# [EXERCISE DIRECTIONS]
Each line in the data must be reproduced as written, except for any picture.

# [DATA BELOW]

>>>>

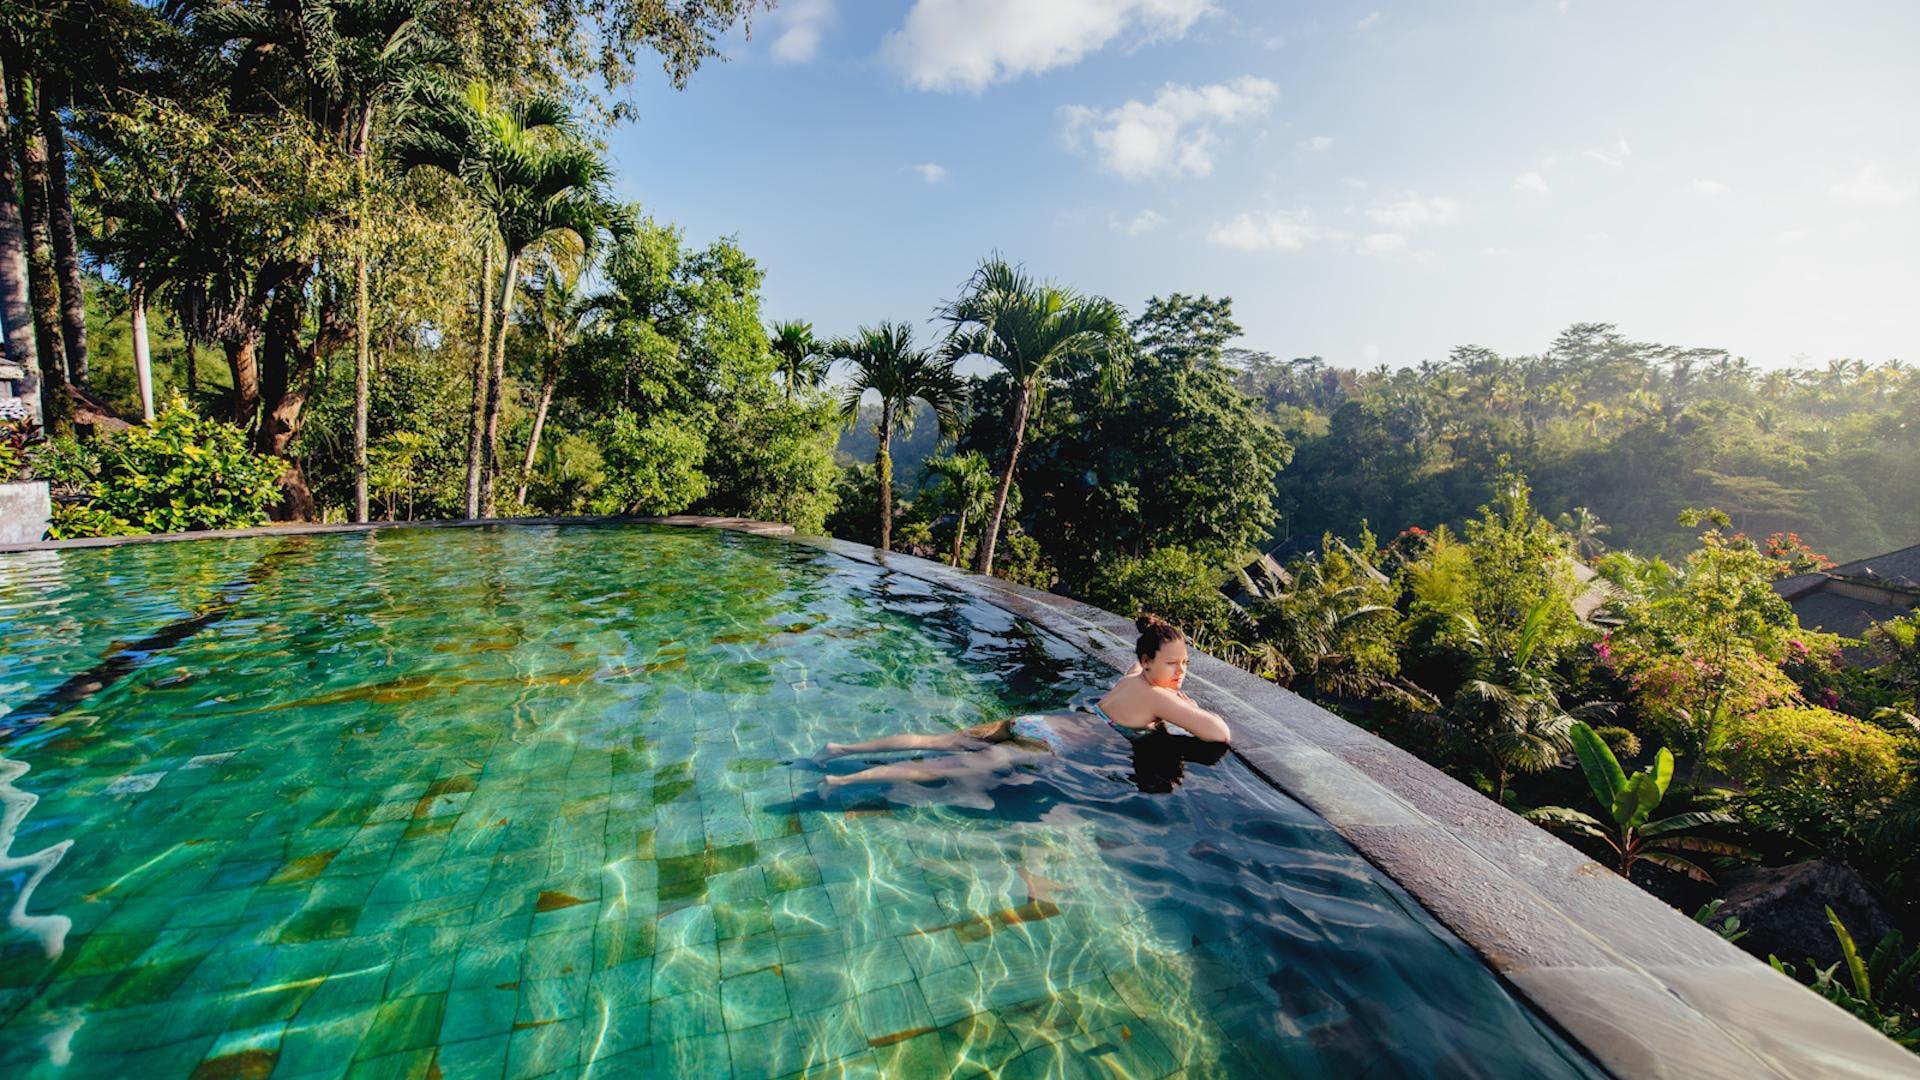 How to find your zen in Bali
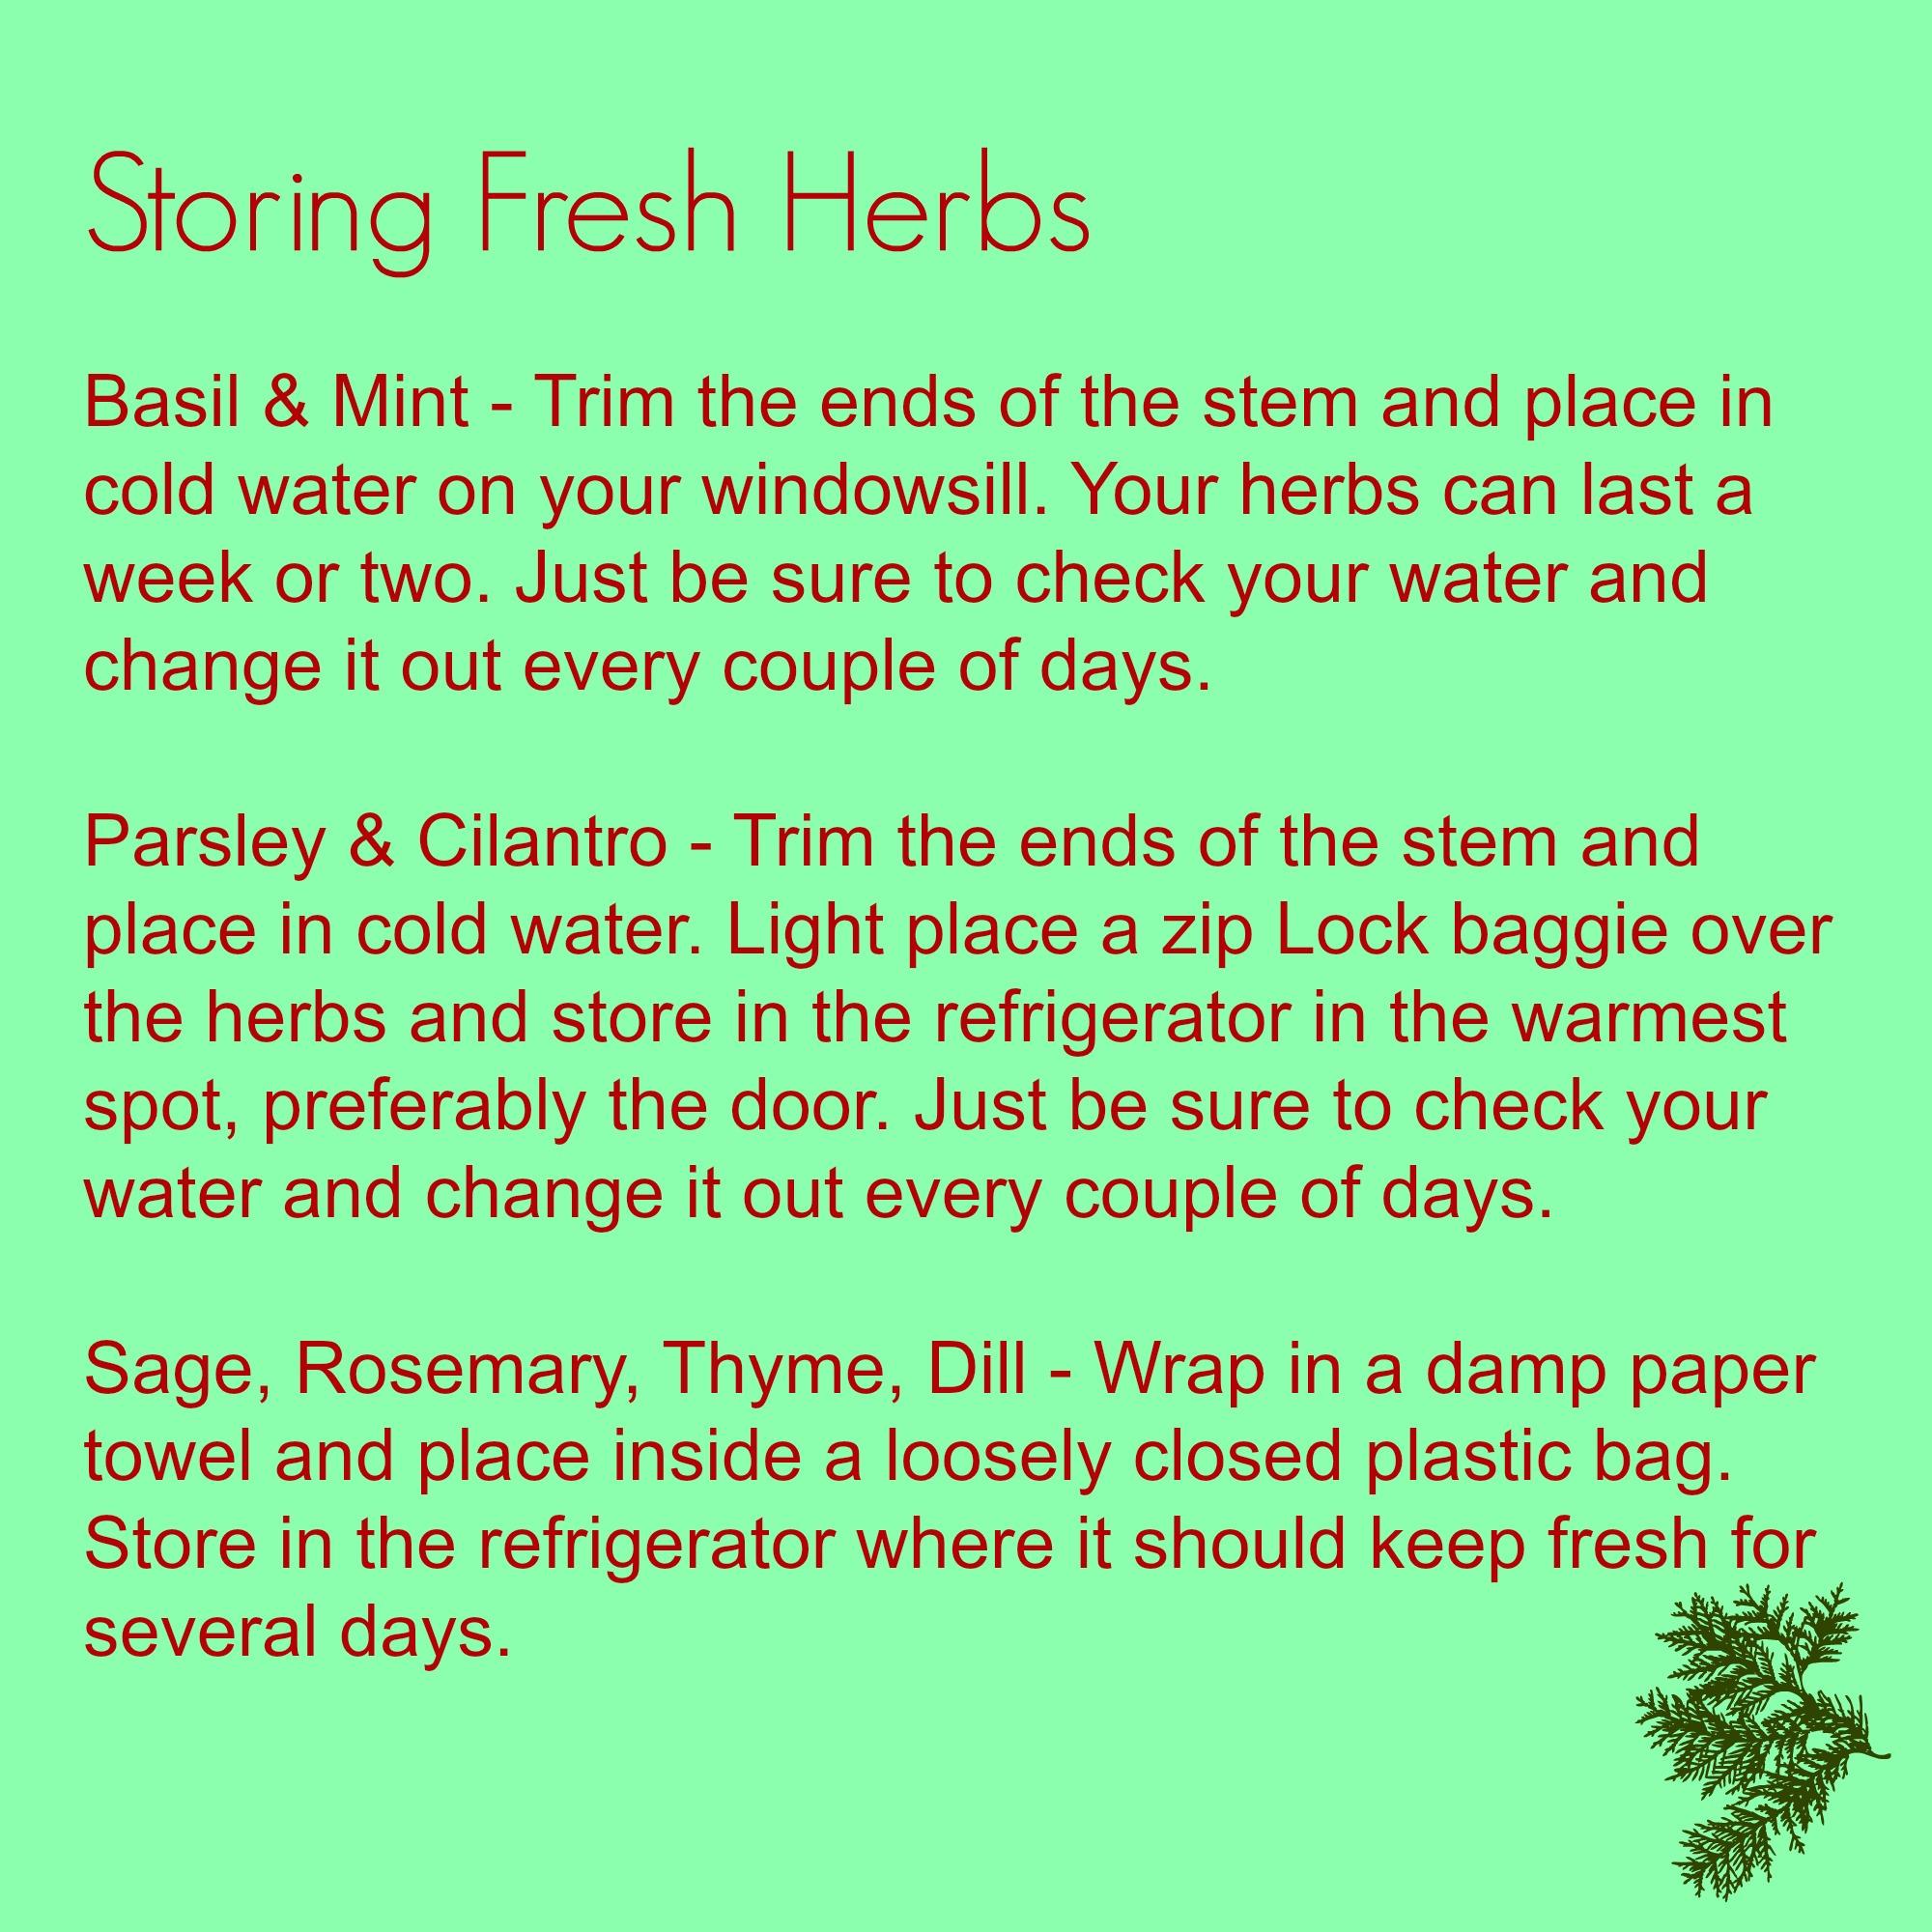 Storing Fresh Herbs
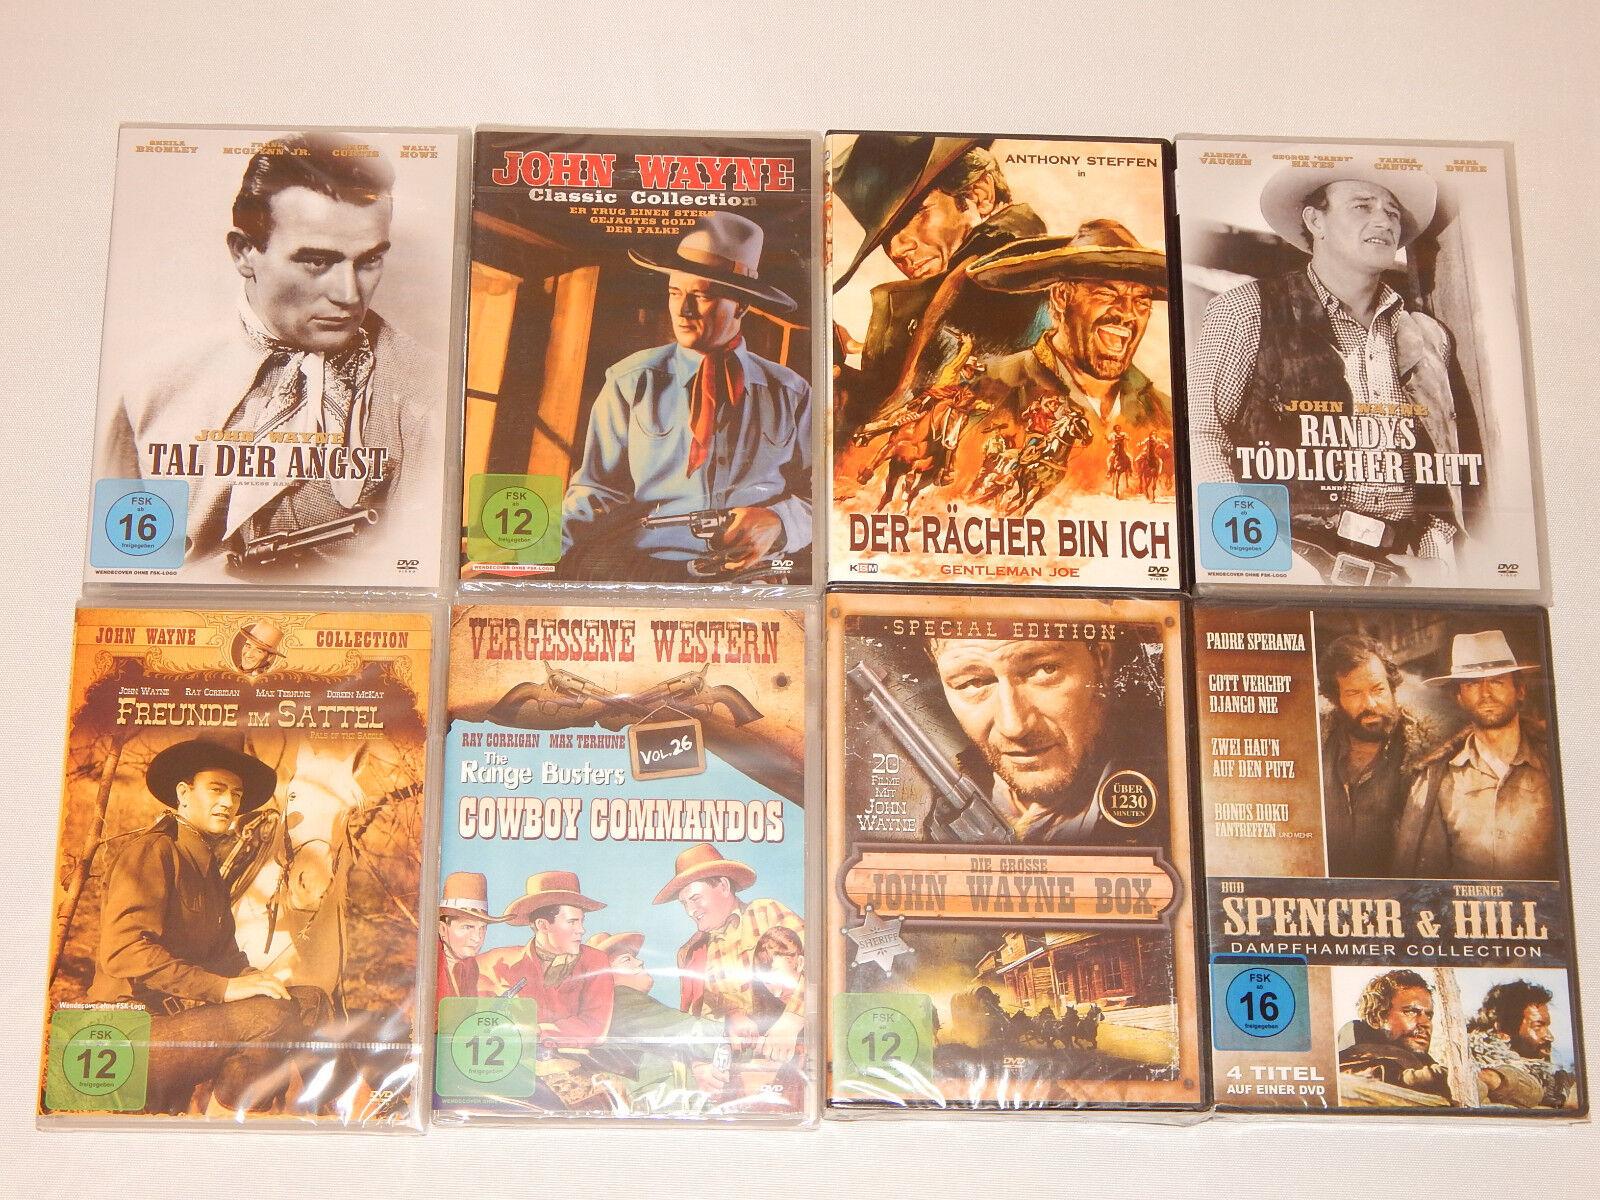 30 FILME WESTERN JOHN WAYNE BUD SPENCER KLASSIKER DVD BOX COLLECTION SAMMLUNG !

<<<<

# [ANSWER TO THIS EXERCISE]
 How to find your zen in Bali
 Storing Fresh Herbs
 30 FILME WESTERN JOHN WAYNE BUD SPENCER KLASSIKER DVD BOX COLLECTION SAMMLUNG !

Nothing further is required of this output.